Stanley L. Hill (argued), Hill & Associates, Chicago, IL, Sheldon Nagelberg (argued), Northbrook, IL, Linda Amdur (argued) Kent R. Carlson, Chicago, IL, for Defendant-Appellant.
Before BAUER, COFFEY, and DIANE P. WOOD, Circuit Judges.
DIANE P. WOOD, Circuit Judge.
Before us is a group of crooked former members of the Chicago Police Department (CPD) who were set up and eventually busted by the CPD's Internal Affairs Division (IAD) and the FBI. The police officers, who devoted a considerable amount of effort to making money from local drug dealers (and undercover agents whom they mistook for drug dealers) through robbery and acts of extortion at the expense of their public duties, were eventually charged in a 39-count superseding indictment with various racketeering, extortion, robbery, drug, and weapons violations. They were tried together and are now before us in a consolidated appeal challenging different aspects of their convictions and sentences. Because we find no reversible error in any of the judgments, we affirm.
Prior to their arrests and convictions in this case, appellants M.L. Moore, Alex Ramos, James P. Young, and Edward L. Jackson, Jr. (to whom we refer collectively as the Officers) were Chicago police officers assigned to the CPD's tactical unit in Chicago's 15th District--the Austin District. Tactical unit officers work undercover to combat illicit drug and gang-related activities. These particular officers worked with drugs and gangs, to be sure, but they slipped over to the wrong side of the line: they used their positions of power to skim money, drugs and weapons from the drug dealers in their district. In the account that follows, we present the facts in the light most favorable to the jury's verdict.
Word of these problems eventually reached the CPD. It began its counteroffensive by ordering Eugene Shepherd, a sergeant in the IAD, to pose as Derrick Simpson, a.k.a. "Silky," a fictitious cocaine trafficker. With the help of IAD and FBI agents, Silky arranged to become a repeat victim of the Officers' acts of extortion. To lure the suspect officers into the trap, Silky had CPD informants call the Officers to let them know that the informant or some other individual was scheduled to meet Silky at a set time and place for a drug transaction. Armed with this information, one or more of the Officers would then show up at the agreed location and extort money from Silky.
For example, on March 28, 1996, an informant known as "Boojie" called Moore and told him that a drug dealer, Silky, was set to meet someone named Ronnie at a McDonalds for a drug transaction. Moore's partner that evening was Young. In response to the tip, the two set out for the McDonalds in an unmarked police car. At the McDonalds they observed Silky and Ronnie talking in Silky's car; after a few minutes they approached Silky's car with their guns drawn. Moore had Silky get out of his car and took a bag from him that contained between $8,000 and $10,000. Moore and Young then handcuffed both Silky and Ronnie and put them in the back
seat of the unmarked police car while their cars were searched. Their efforts were rewarded with the discovery in Silky's car of a digital scale, a one-kilogram cocaine wrapper, and plastic bags for selling small quantities of cocaine.
Eventually Ronnie was released, but Silky remained handcuffed in the back seat of the unmarked police car.

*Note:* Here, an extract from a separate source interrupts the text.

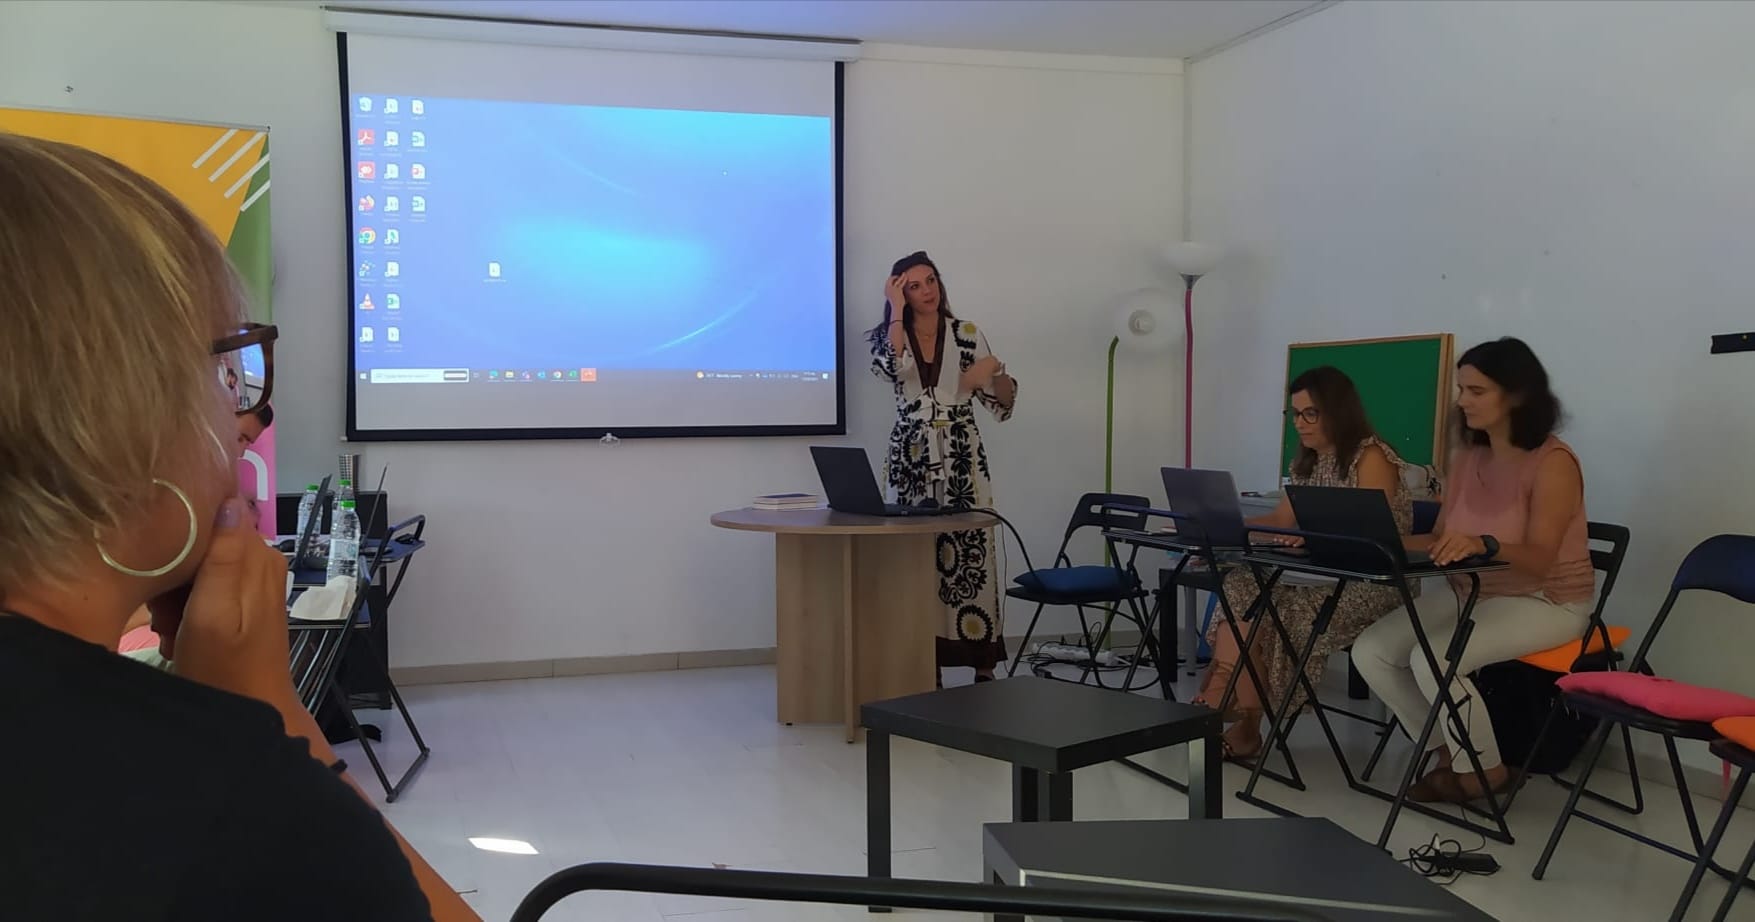 El Centre de formació d'adults participa en un projecte europeu d'alfabetització a Atenes

Young then got into Silky's car and followed Moore's unmarked police car, with Silky still in it, out of the McDonalds parking lot. At one point the two cars pulled over on the side of the road. Young stopped Silky's car next to the police car, rolled down his window, and told Silky, "We get all the money, or you go to jail--we get all your money or you go to jail." The police officers then continued driving. After a brief detour to the nearby city of Oak Park, they returned to the Austin District where they met up in a bus turnaround. Young parked Silky's car and joined Silky and Moore in the unmarked police car, where the three negotiated how much of Silky's money the officers would get in exchange for not arresting him. Silky also volunteered to help the officers ensnare other drug dealers. In the end, Young gave Silky his pager number, and the two officers confiscated close to $5,000 from what they thought was Silky's stash. The McDonalds portion of this incident was captured on videotape and played for the jury during Shepherd's testimony at the Officers' trial.
After giving the Officers several more opportunities to extort money from him, Silky added a new tactic. He enlisted Moore's aid in his fabricated drug trafficking operation by paying him to escort fictitious drug couriers as they allegedly transported drugs along the interstate highway. Silky offered to pay Moore $3,500 each time he escorted one of Silky's drug couriers. In exchange, Moore agreed to follow Silky's couriers in and around greater Chicago. In the event a courier was pulled over by a law enforcement officer, Moore agreed to approach the officer, show his police badge, and attempt to talk the officer out of searching the courier's car. On October 16, 1996, Moore followed a man who went by the name of Darin Counsel from a hotel parking lot in Rosemont, Illinois, to Lansing, Illinois. Moore believed that he was escorting Counsel on a drug run, for a fee of $3,500. After successfully escorting Counsel, Silky told Moore that he was going to need more officers to help escort additional couriers over the holidays. Moore indicated that he knew several other police officers who might be interested in serving as escorts. Silky offered to pay those officers $2,500 each time they escorted a narcotics shipment. Eventually, Moore recruited Ramos to escort Silky's drug couriers. Moore received a finder's fee for the referral. Ramos escorted drug couriers on two separate occasions; Moore did so three times.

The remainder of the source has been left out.